Saturday, October 17, 2015

The Great American Road Trip Detour

BREAKING NEWS:  Flash Flood, Mud Slides, Rock Slides- video shots show cars and trucks avalanched by mud cascading off desert mountain walls.

As we left Sequoia NP, the sprinkles had begun and we observed off to the south a huge, dark cloud, heard rumbles of thunder, and saw jagged cloud to cloud lightning. A good, slow, soaking, steady rain would be good for this dry, parched area, we thought.

Thing is, when the rain comes so hard and fast, it makes mudpies that slide right off the side of the mountains, creating larger and larger mudpies, dragging rocks and boulders with the mud.

We did not know that circumstance as we were making the hairpin switchbacks coming down from Sequoia. It had not affected the area where we were touring and neither of us anticipated any trouble. 

Neither did we know that our sleep-cheap motel was in “downtown” Visalia (an entirely different story to be related, maybe, later). We drove, instead, on down Hwy 99 S to Delano, CA, where the hostess told us they’d had a deluge.

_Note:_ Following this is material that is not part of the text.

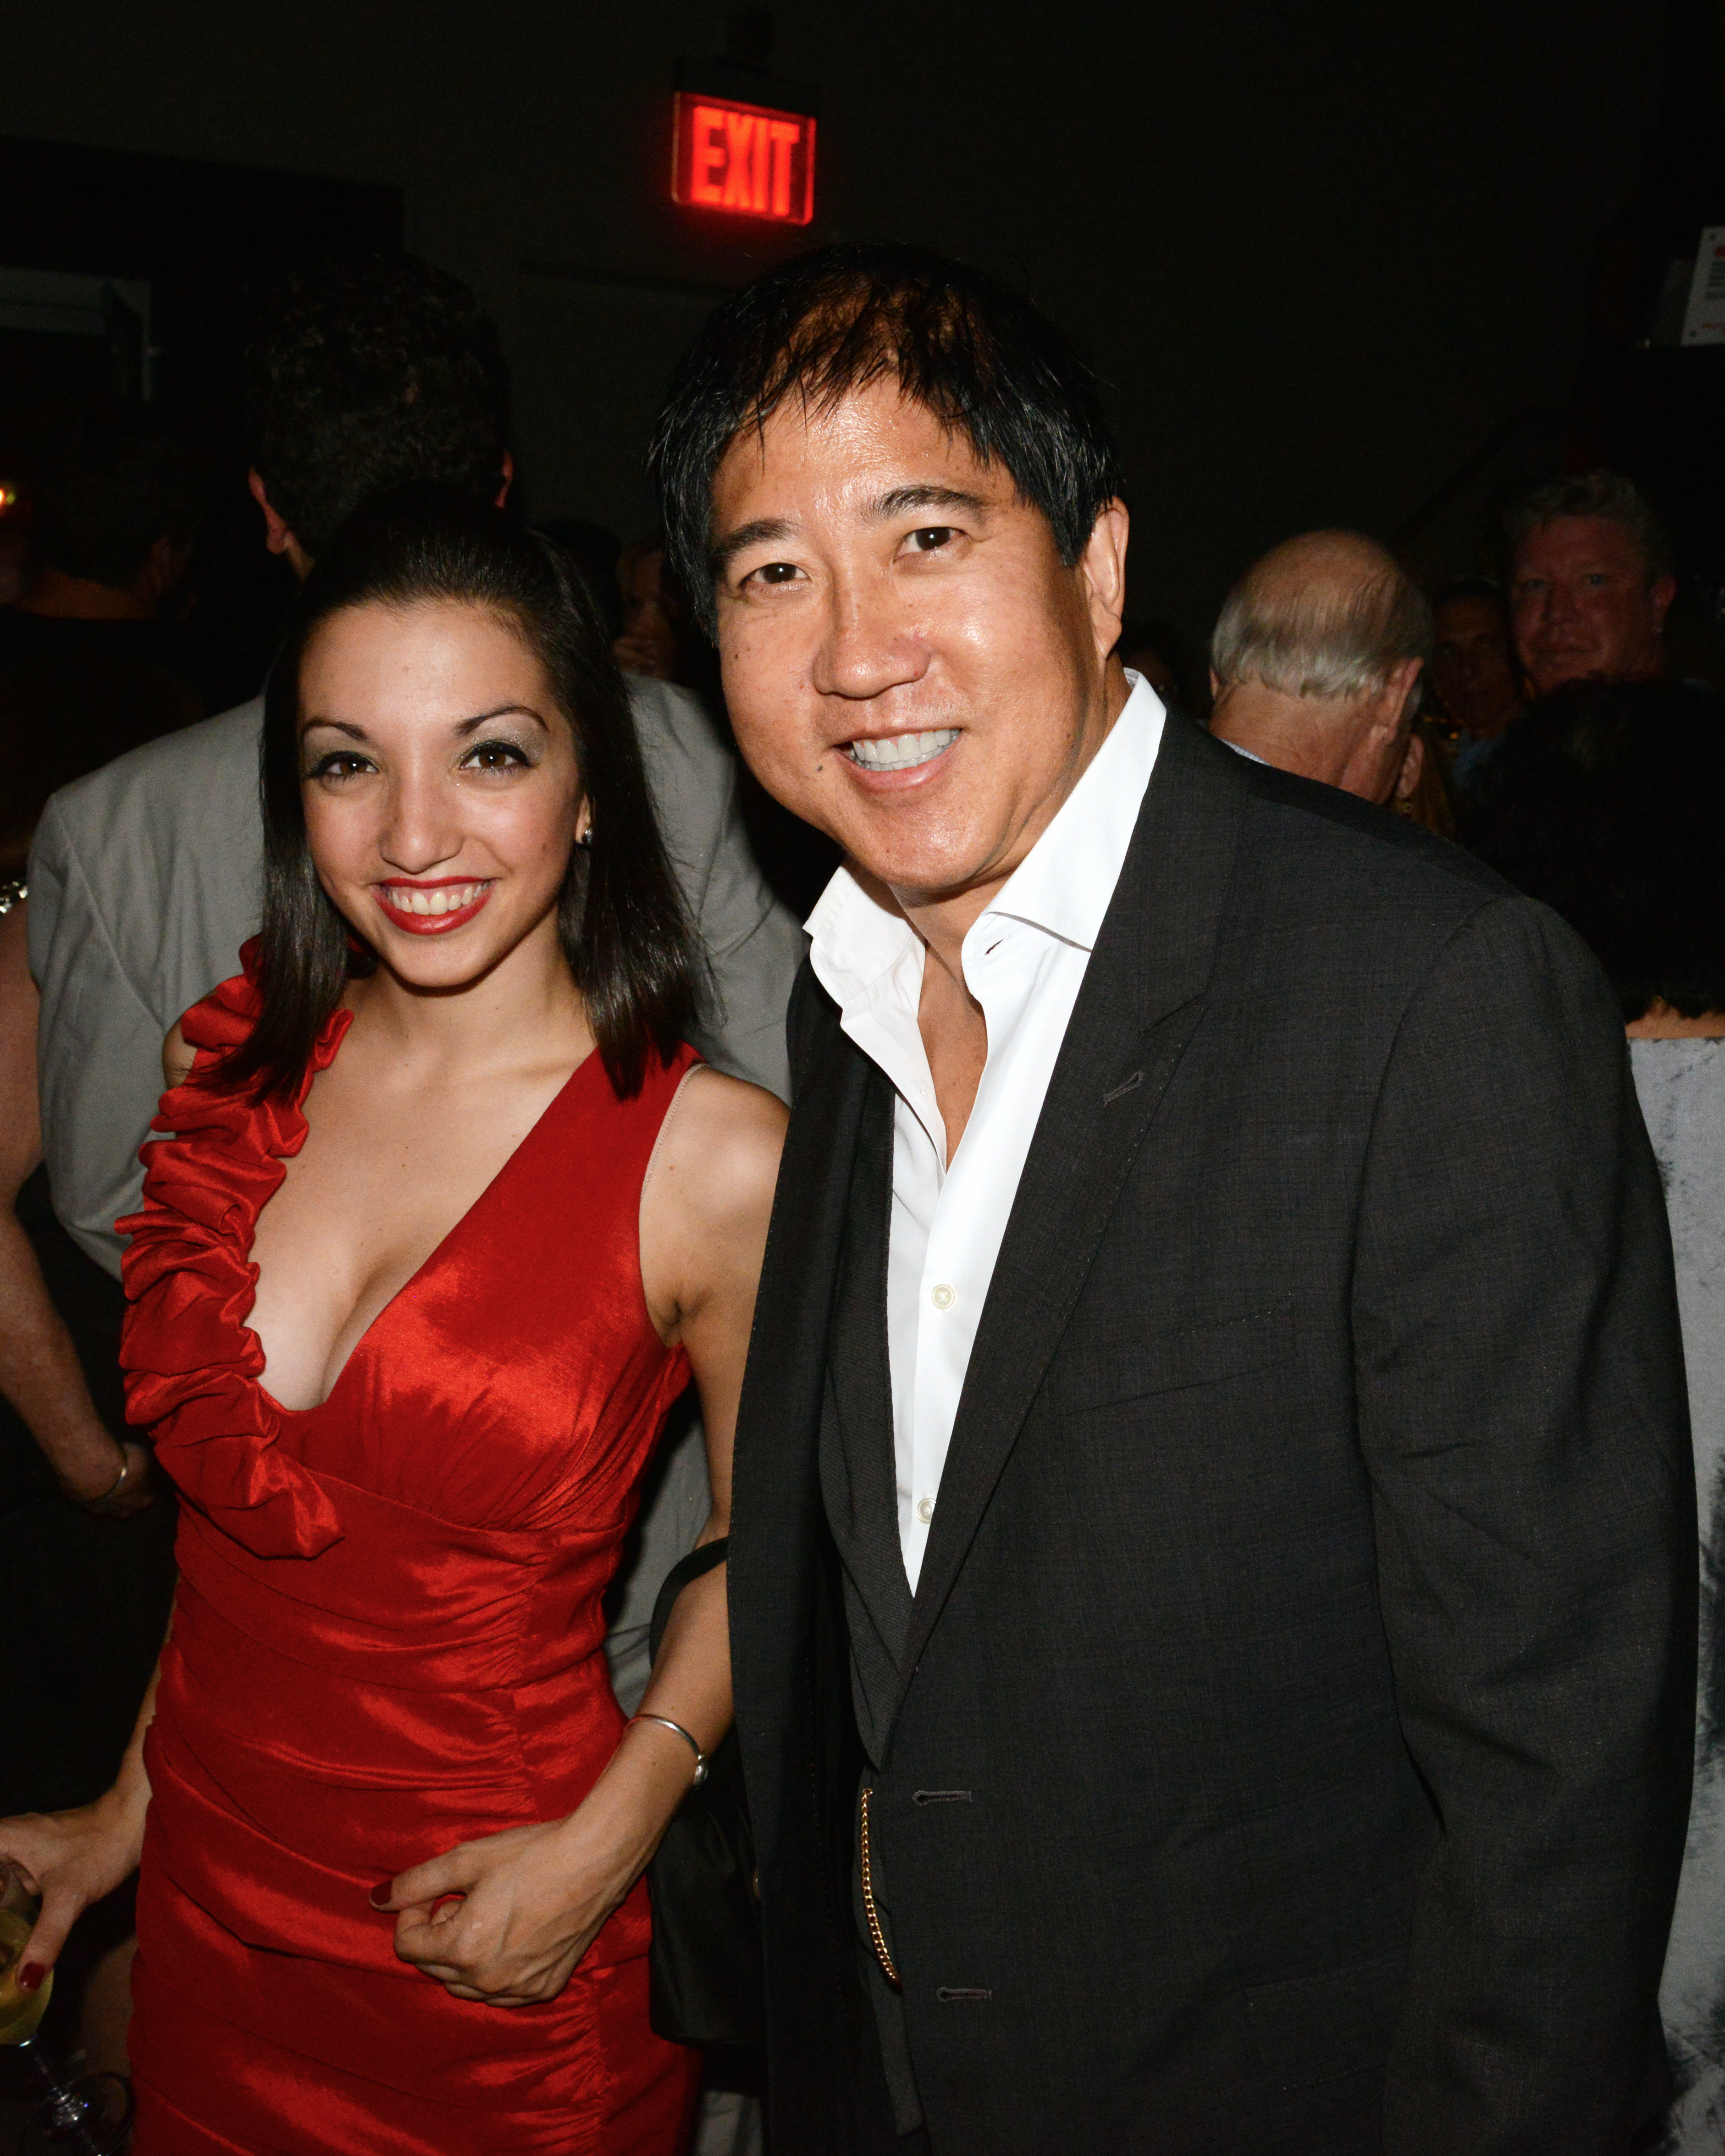 Stephen Mao-Julia Macchio, the daughter of Karate Kid master Ralph Macchio at the premiere of Girl Most Likely in New York.

The following morning, we set our GPS for Henderson, NV, located strategically between Vegas and Hoover Dam. About two minutes out of Barksdale, CA, we saw evidence of what happens in this kind of desert environment. Rock and mud slides had closed 58 E. Flashing signs were being placed in the median by state Highway Guys.

Quick like a flash of evening lightning, Marvin cut the median and wheeled around into the return to sender direction. He drove 25 feet and pulled onto the median, parked, and approached the State Highway worker for information.

The short of it is this: there’s a long way to Vegas.

The worker explained how to detour around the incident, though the route would be “a long and winding road” to Isabella Lake on Hwy 178 N, over to 395 S, on the other side of a Sierra Nevada mountain range.

We pulled across and whipped on over to the Cheyenne exit, we and about a hundred other vehicles; the 18-wheelers had already pulled off the road and were preparing for a long overnight because 58 E would not be open for another day.

I met a family traveling to Vegas and chatted with them while Marvin topped off the gas tank at a local station. 

Off we went on another High Sierra desert adventure filled with natural sage grass, tumbleweed, and cactus tree landscapes. Also growing with irrigation were lemon, orange, and even some almond trees.


The opportunity to see this western countryside has provided us with greater appreciation for the bounty produced in America. We’ve also been awestruck by the different kinds of beauty stretching as far as the eye can see.